The summit was a fantastic undertaking to bring a community together and a genuine effort to educate, but in the end, as I thought they might, the breweries and industry folks who purport to want diversity and inclusion didn’t actually turn up. As is so often the case when it comes to taking a look at our own privileged place, most people decided it was far, far easier (and cheaper) to simply do nothing.

It’s a disappointing outcome, and, if the Ontario Beer Summit had been my idea, I’d be inclined to climb into a bottle and write off all people as generally hopeless. But then, I’m not a hugger. Ren is. And so I have a sneaking suspicion that she hasn’t given up on us all just yet.

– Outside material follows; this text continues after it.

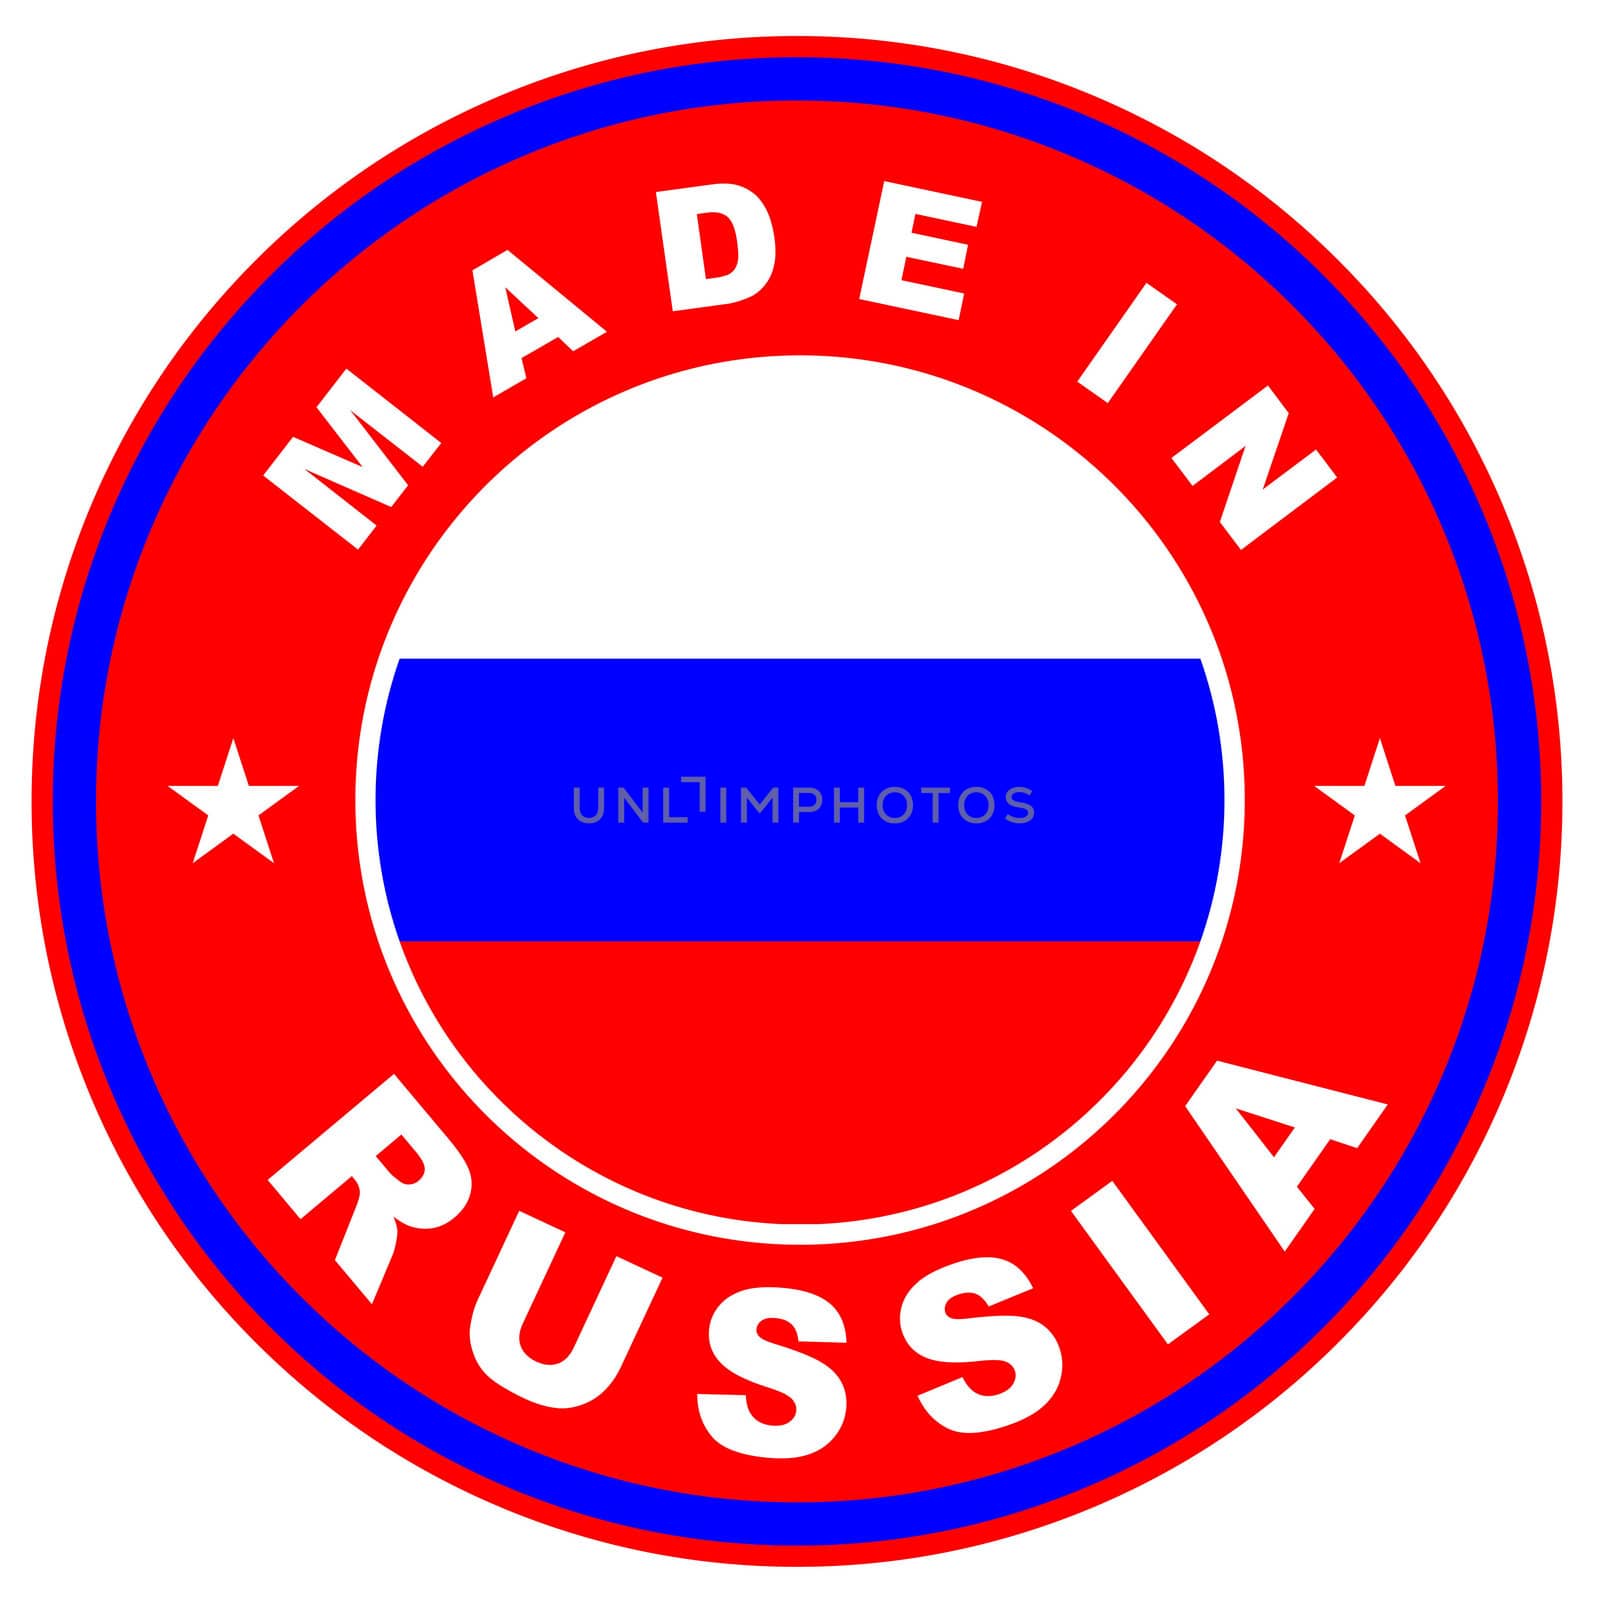 made in russia by tony4urban

5 thoughts on “The premature demise of the Ontario Beer Summit

  1. There are other potential reasons for the lack of attendance Ben. Folks in the brewing industry are busy trying to make a living brewing beer, and trust me, that ain’t easy these days; but more importantly and perhaps germane to the dearth of attendees to the Ontario Beer Summit may be redundancy. As Ontario brewers we have to decide between which industry events to attend as they are all costly and there are no shortage of options. We go through this at our brewery as I’m sure others in the industry do. Do we attend the CBC in the US, the CBAC in Canada or the OCB Conference in Ontario? All of them offer different benefits and perspectives.
    Do we as an industry have room for improvement? Absolutely. But there are lots of sessions available at existing, established and industry run Conferences.
    Although we differ on the hugging (my wife turned me into a reluctant hugger years ago and it grows on you), I do share your love and respect for Ren and everything she is doing to help our industry improve. I’m actually thrilled to tell you that Ren is curating a panel on diversity at the upcoming CBAC in Victoria this May. The point is, there is no shortage of excellent and well curated industry run shows that address all the issues that the Summit was proposing and more. To draw the conclusion that folks in the industry do not care about these issues is unfair and I believe untrue for the most part. The Summit was perhaps seeking to fill a void that simply did not exist.

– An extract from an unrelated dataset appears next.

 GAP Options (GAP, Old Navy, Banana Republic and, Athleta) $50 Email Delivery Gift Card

  2. The problem wasn’t the conference. It was the runway on the marketing. A conference like this requires a least 4 months of solid marketing and an investment $ in that marketing. I would recommend closer to a year is ideal. This had a few social media posts a few weeks out. In a tough industry right now with shrinking margins and lean teams it’s not easy to sell a $500 ticket. Try again, but reschedule it for this time next year and start the campaign now.

  3. I think the article conflates non-support of the conference with non-support of the issue. Ren’s efforts on the latter deserve a lot of pluadits and encouragement however I find it hard to have much sympathy for the former as fundamentally the conference was a business venture and as supported by comments above, the business venture appears to have failed for business reasons.

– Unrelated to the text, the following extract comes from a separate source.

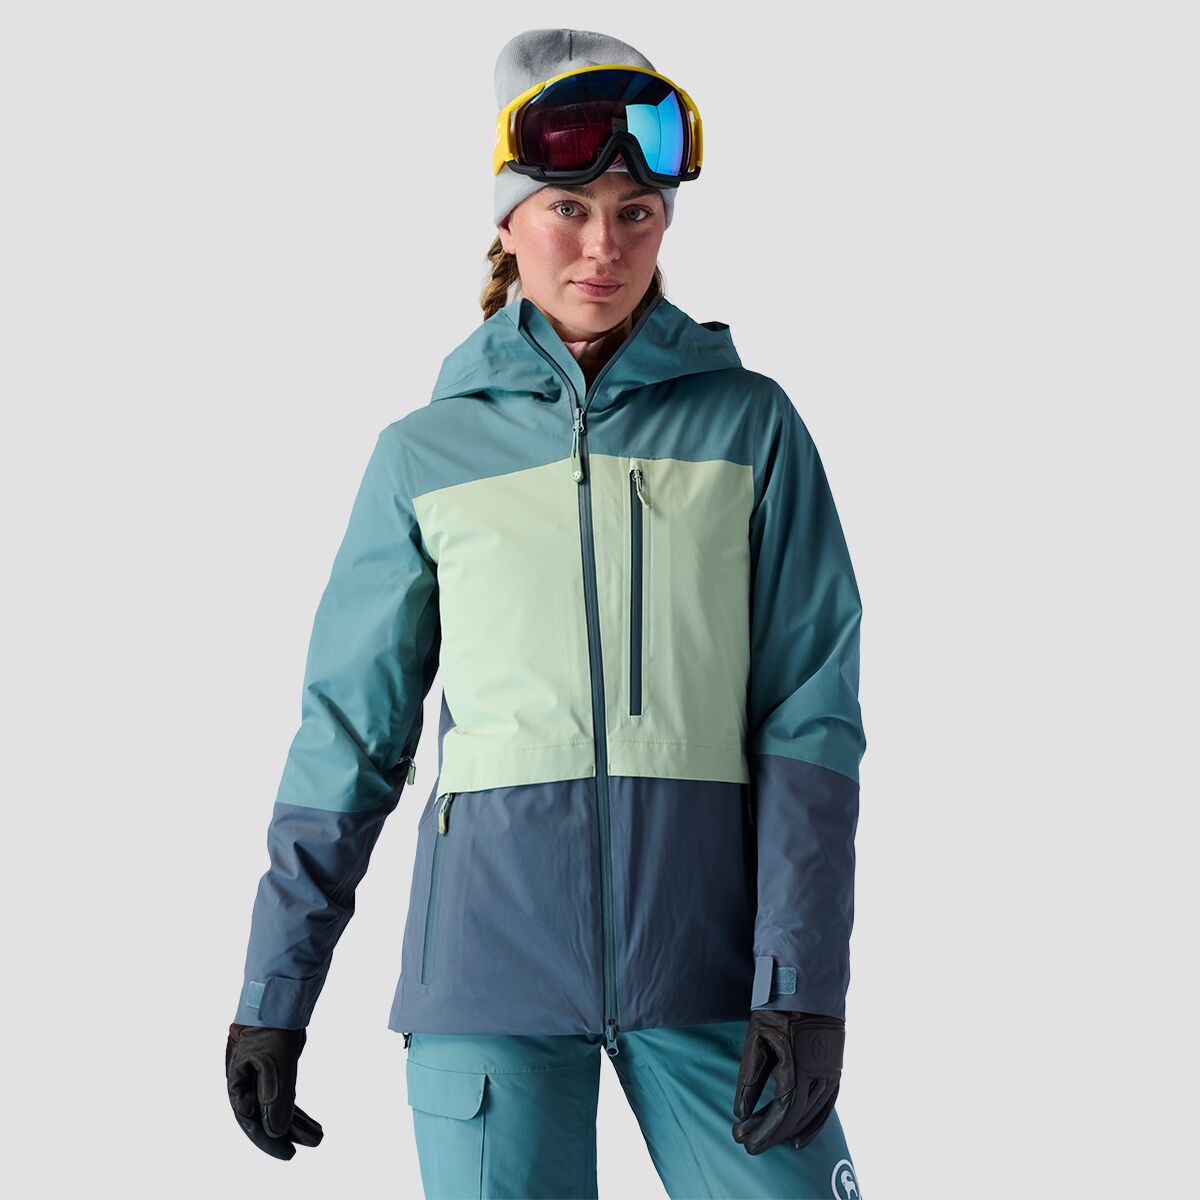 Backcountry Last Chair Stretch Insulated Jacket - Women's Goblin Blue/Reseda/Turbulence

  4. Beer is an intoxicated beverage that sometimes tastes good. It’s not a cause except for oversocialized human poodles. Canadian craft beer is overpriced and undistinguished. Even if craft beer is a dude-bro space, this “problem” is a first-world nothingburger. She tried to quickly sell expensive tickets to a moral summit; she’s not a very gifted grifter. Maybe now that no one can congregate in public you will internalize your own definition of virtue signalling.